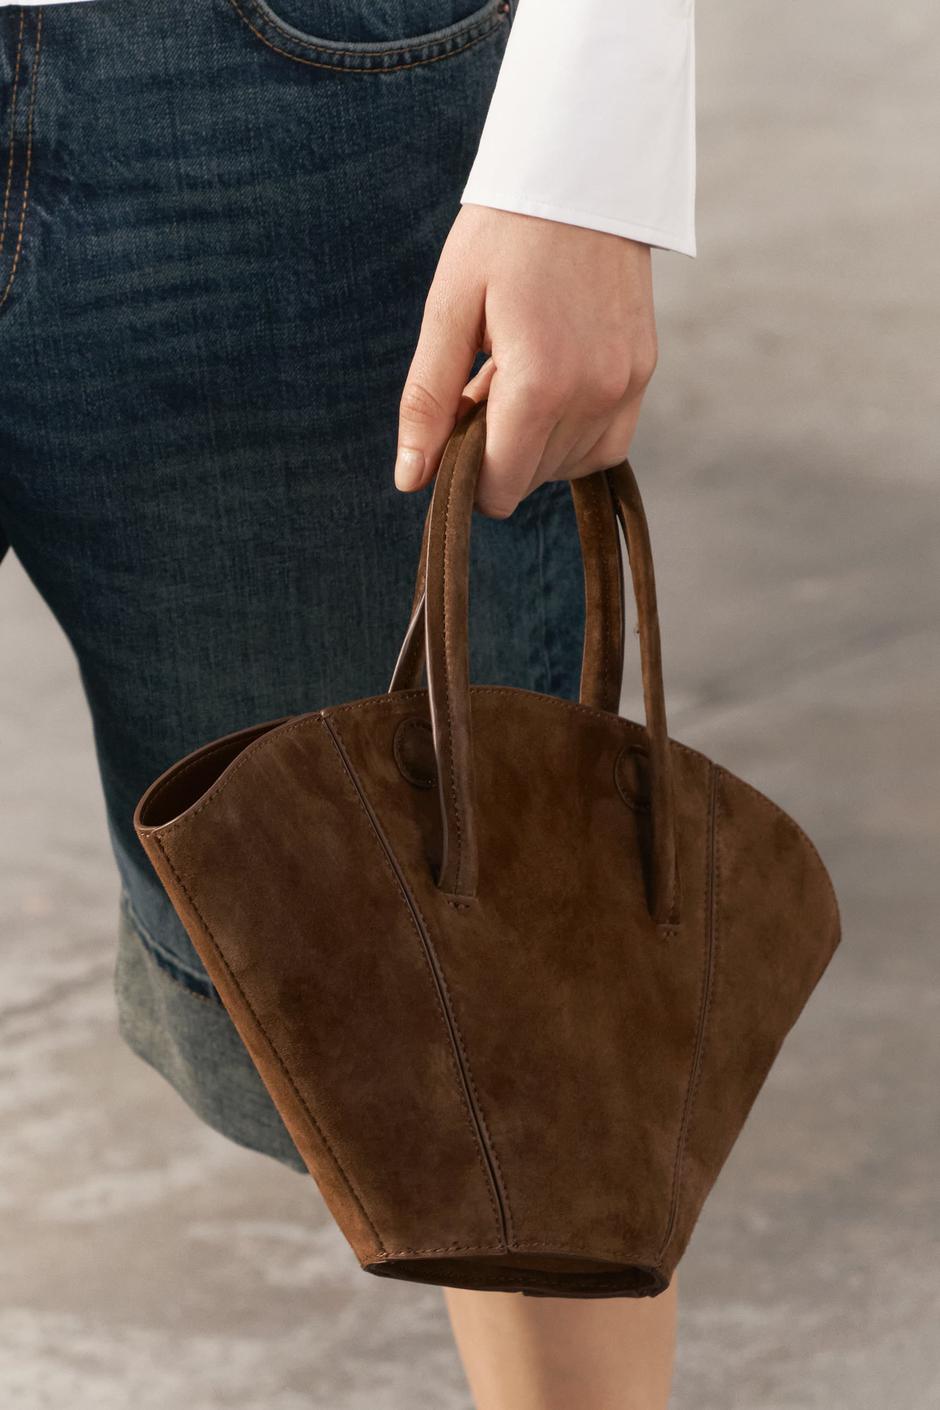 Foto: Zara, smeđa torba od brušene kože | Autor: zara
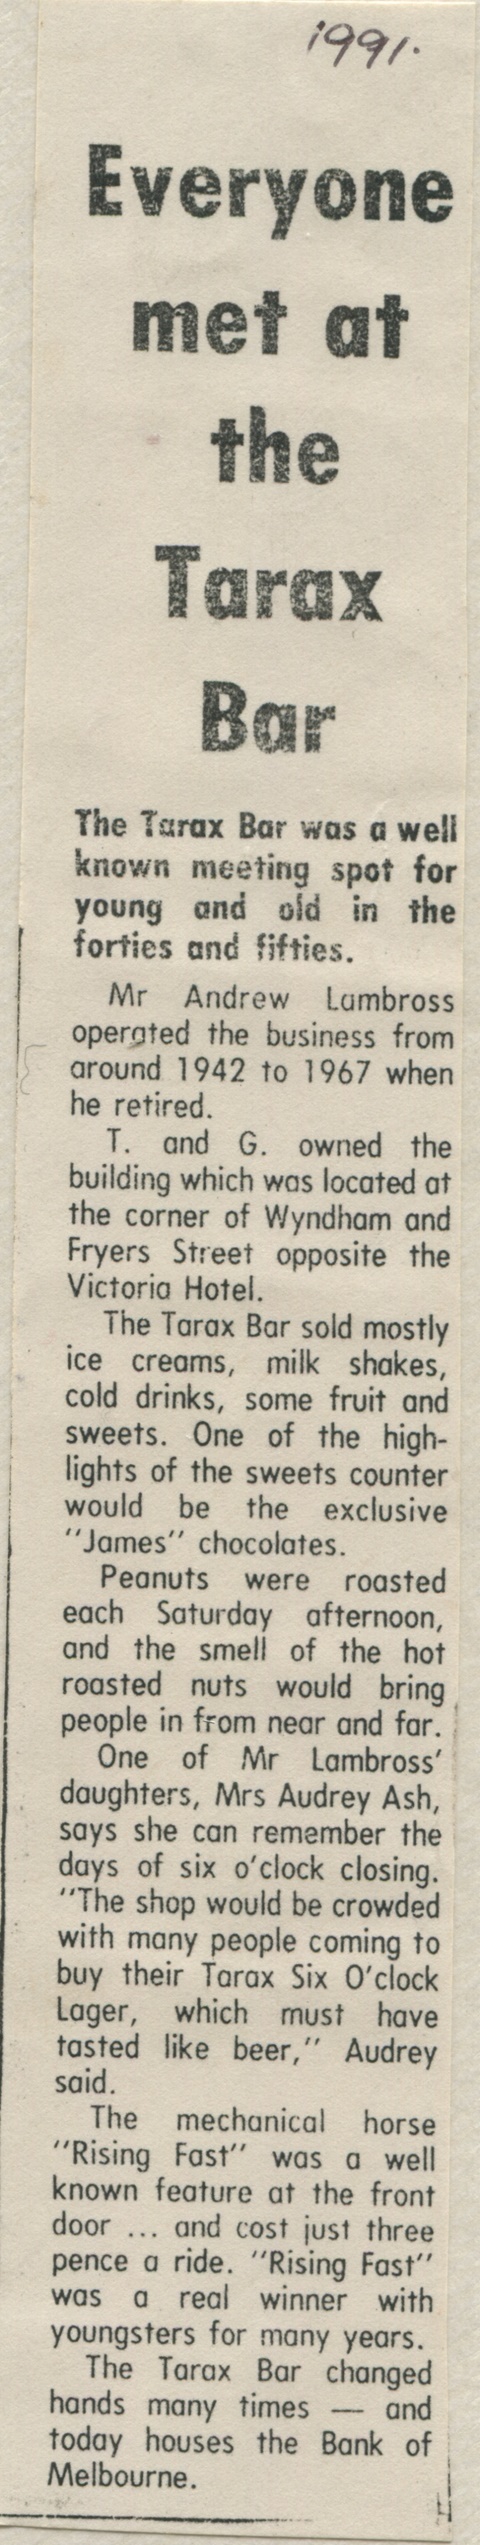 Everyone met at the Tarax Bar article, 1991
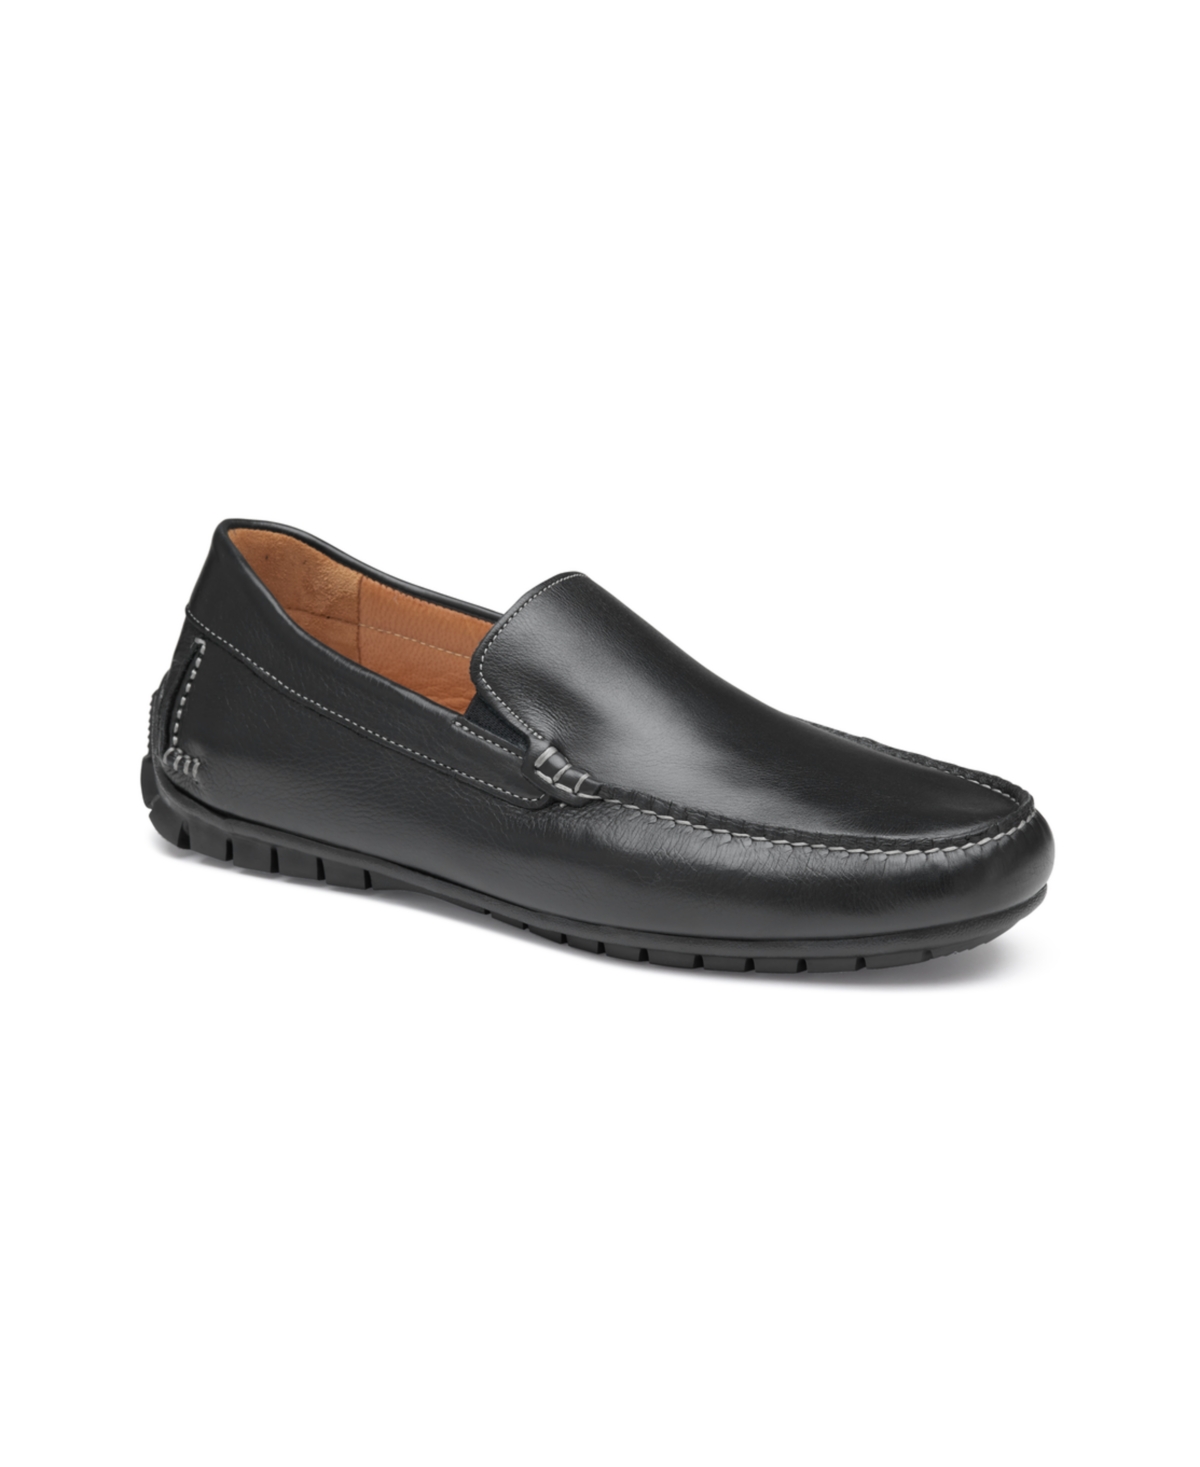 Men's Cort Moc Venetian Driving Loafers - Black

* * *

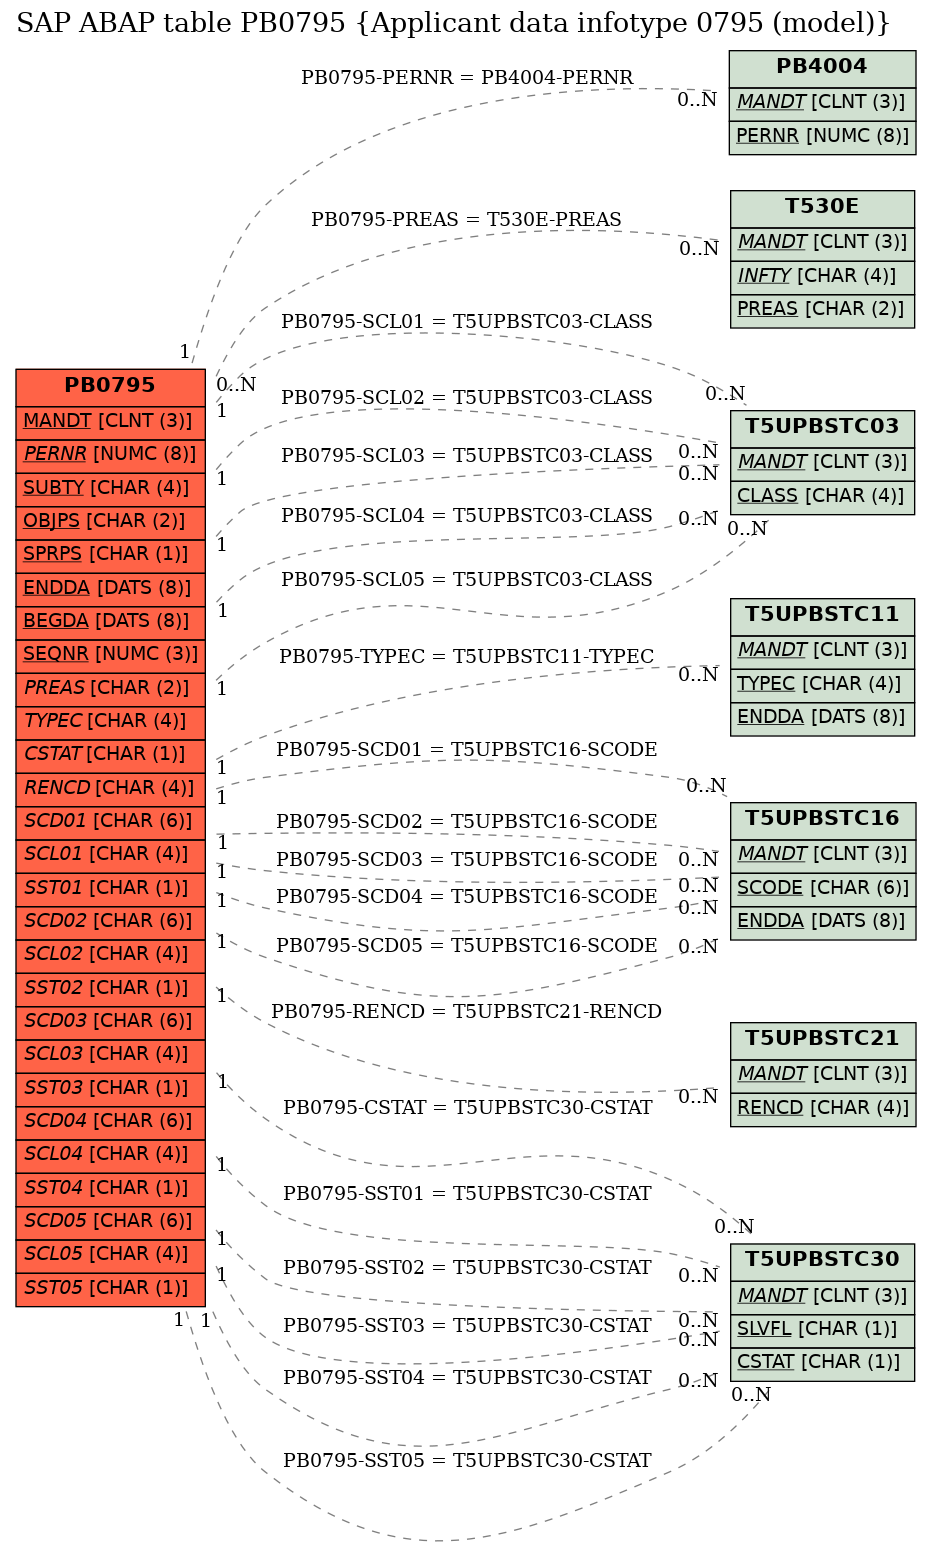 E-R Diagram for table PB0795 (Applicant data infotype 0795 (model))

> _What the task asks_
Return only the stretch above from the line containing "Foto: Zara, smeđa" through the line containing "Men's Cort Moc", word for word and without pictures.

> _Response for this exercise_
 Foto: Zara, smeđa torba od brušene kože | Autor: zara
 Everyone met at the Tarax Bar article, 1991
 Men's Cort Moc Venetian Driving Loafers - Black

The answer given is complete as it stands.